Il Myanmar va al voto
Domenica 8 novembre in Myanmar si terranno le elezioni parlamentari generali, per la seconda volta (la prima fu nel 2015) dal 2010, dopo lo scioglimento della giunta militare che era stata al potere fino a quel momento. La National League for Democracy (NLD), guidata da Aung San Suu Kyi e attualmente al governo, è considerata il partito favorito, soprattutto per la mancanza di un fronte di opposizione compatto in grado di raccogliere consensi su larga scala. Infatti, l’Union Solidarity and Development Party (USDP), il partito con più seggi in Parlamento dopo l’NLD, è strettamente legato con l’Esercito (Tatmadaw), e fatica ancora a rinnovare la propria immagine per ottenere il consenso di una buona porzione della popolazione ancora memore dell’esperienza della dittatura militare. D’altro canto, sono presenti svariati partiti minori, con un’affiliazione su base perlopiù locale, che difficilmente riuscirebbero a coalizzarsi per elaborare una proposta politica strutturata che controbilanci quella della National League for Democracy.

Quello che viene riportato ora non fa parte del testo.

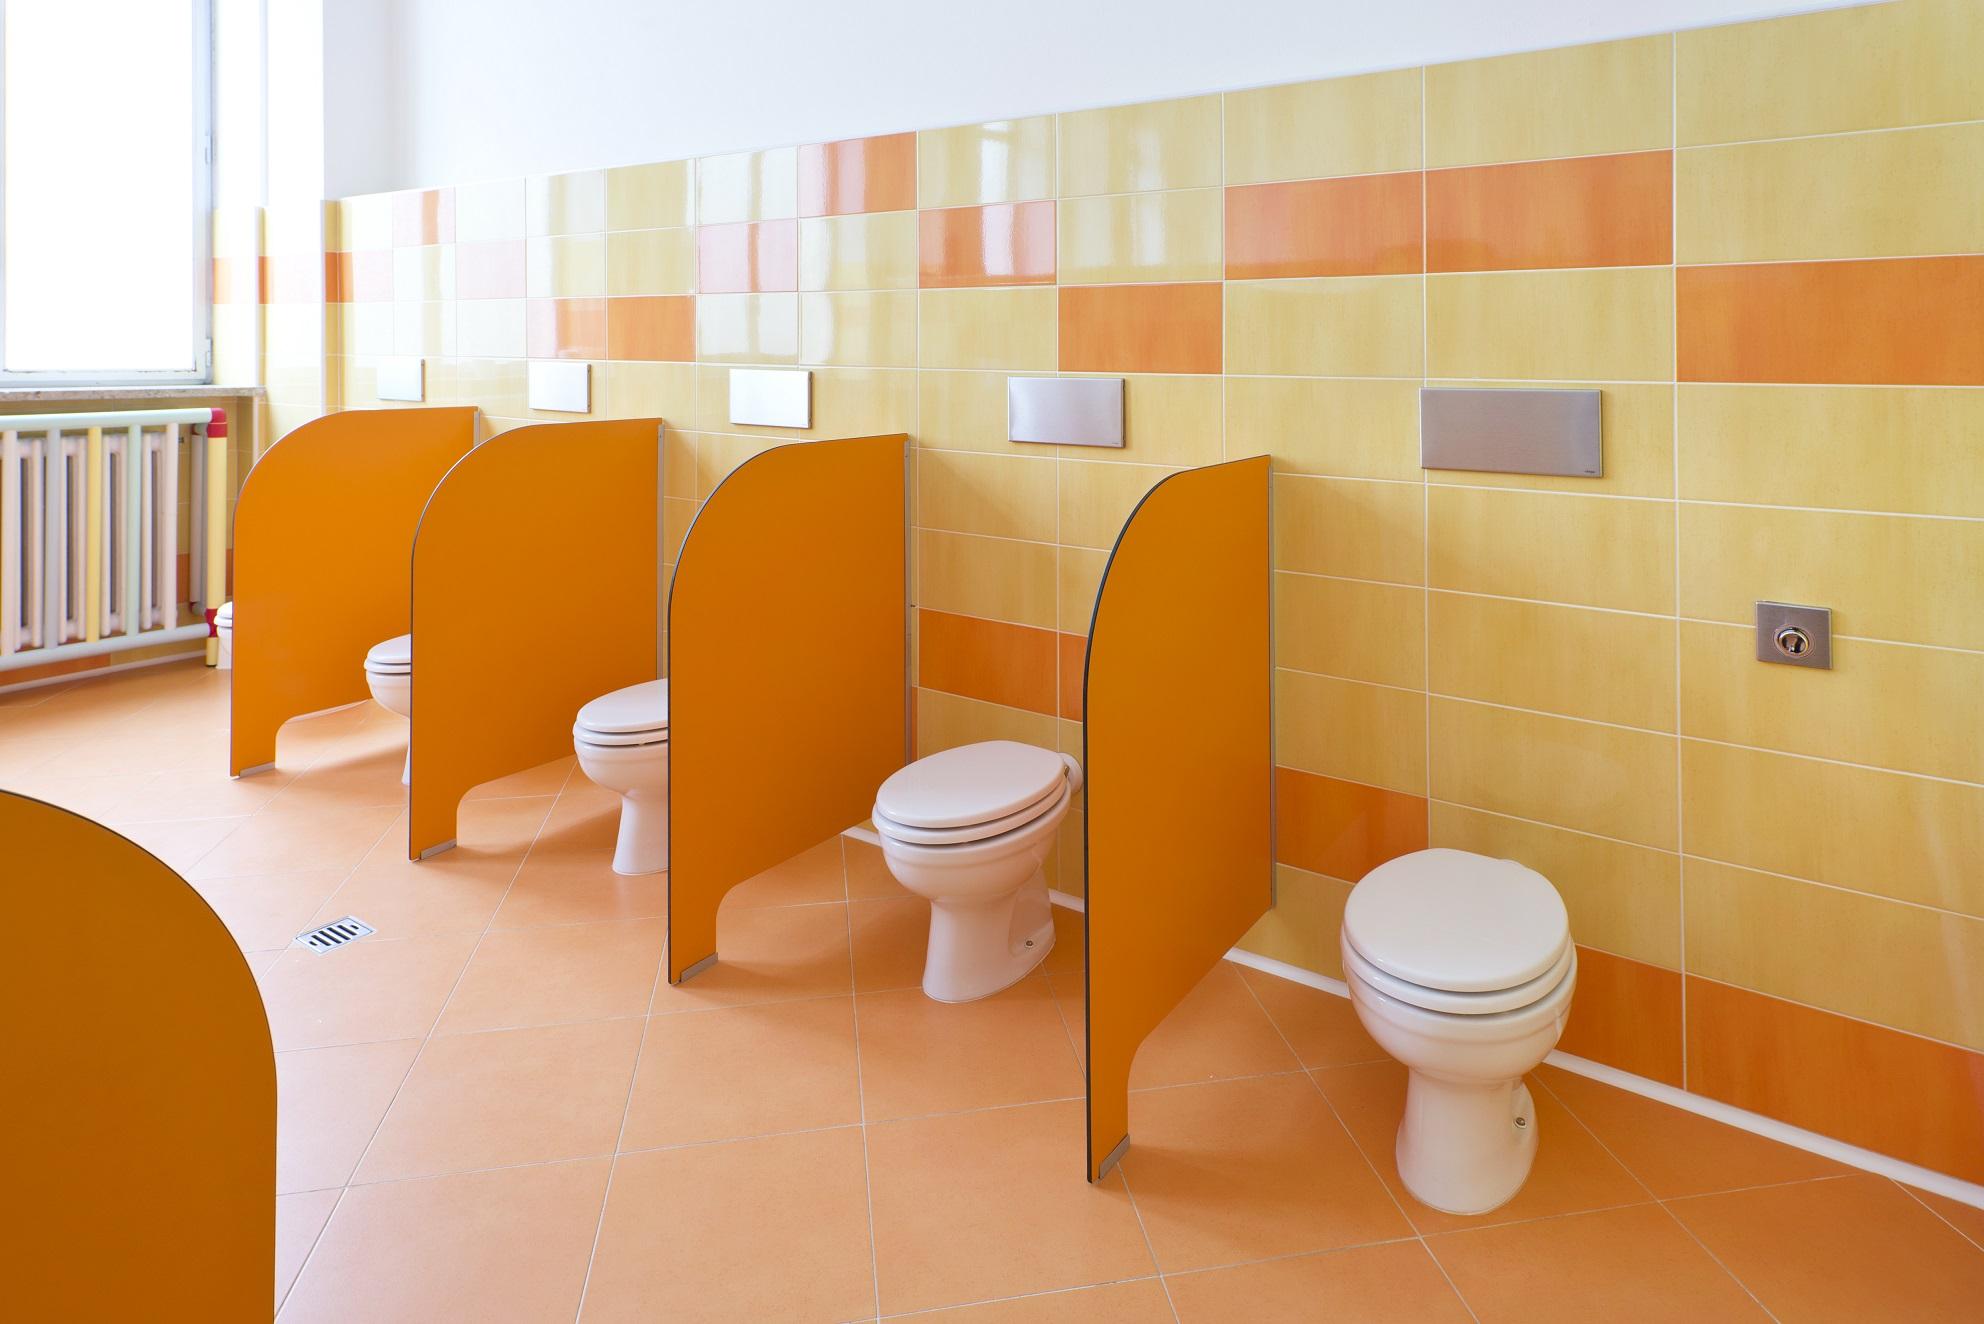 Per l 39 asilo un bagno a misura di bambino gt il giornale del termoidraulico - Bagni per uffici ...

Tuttavia, l’NLD e Aung San Suu Kyi potrebbero incontrare difficoltà nel replicare il grande successo riscosso nel 2015. Negli ultimi cinque anni, la leader birmana non è infatti riuscita a emendare la Costituzione in senso maggiormente democratico, soprattutto a causa degli ampi poteri che l’Esercito ancora detiene sulle questioni di politica interna – il 25% dei seggi spetta di diritto alle Forze armate, secondo l’attuale Carta costituzionale. Inoltre, l’avvento del coronavirus ha accresciuto il malcontento popolare, specialmente tra le minoranze. Molte di queste, che non hanno goduto dell’assistenza sanitaria statale durante la pandemia, si vedranno anche private della possibilità di votare. Il governo infatti, adducendo motivazioni legate al contenimento del virus, ha vietato manifestazioni e chiuso i collegi elettorali in alcune aree di Stati come Shan, Khachin, Rakhine, interessati dalle azioni dei gruppi di insorgenza su base etnica.
Rimangono dunque forti interrogativi sulla rappresentatività del voto e sulla trasparenza del processo, che potrebbero tradursi in nuove proteste contro il riconoscimento dell’esito elettorale. D’altro canto Aung San Suu Kyi, pur vincendo, potrebbe vedersi costretta a formare un governo di coalizione, alleandosi o con i vari partiti minoritari pro-democrazia, o con l’USDP. La formazione di un governo di coalizione potrebbe avere un impatto sulla gestione di alcuni dossier destinati ad essere presenti nell’agenda del prossimo governo, quali la continuazione del processo di pacificazione con i gruppi di insorgenza interni e la gestione dell’emergenza umanitaria legata alla minoranza Rohingya.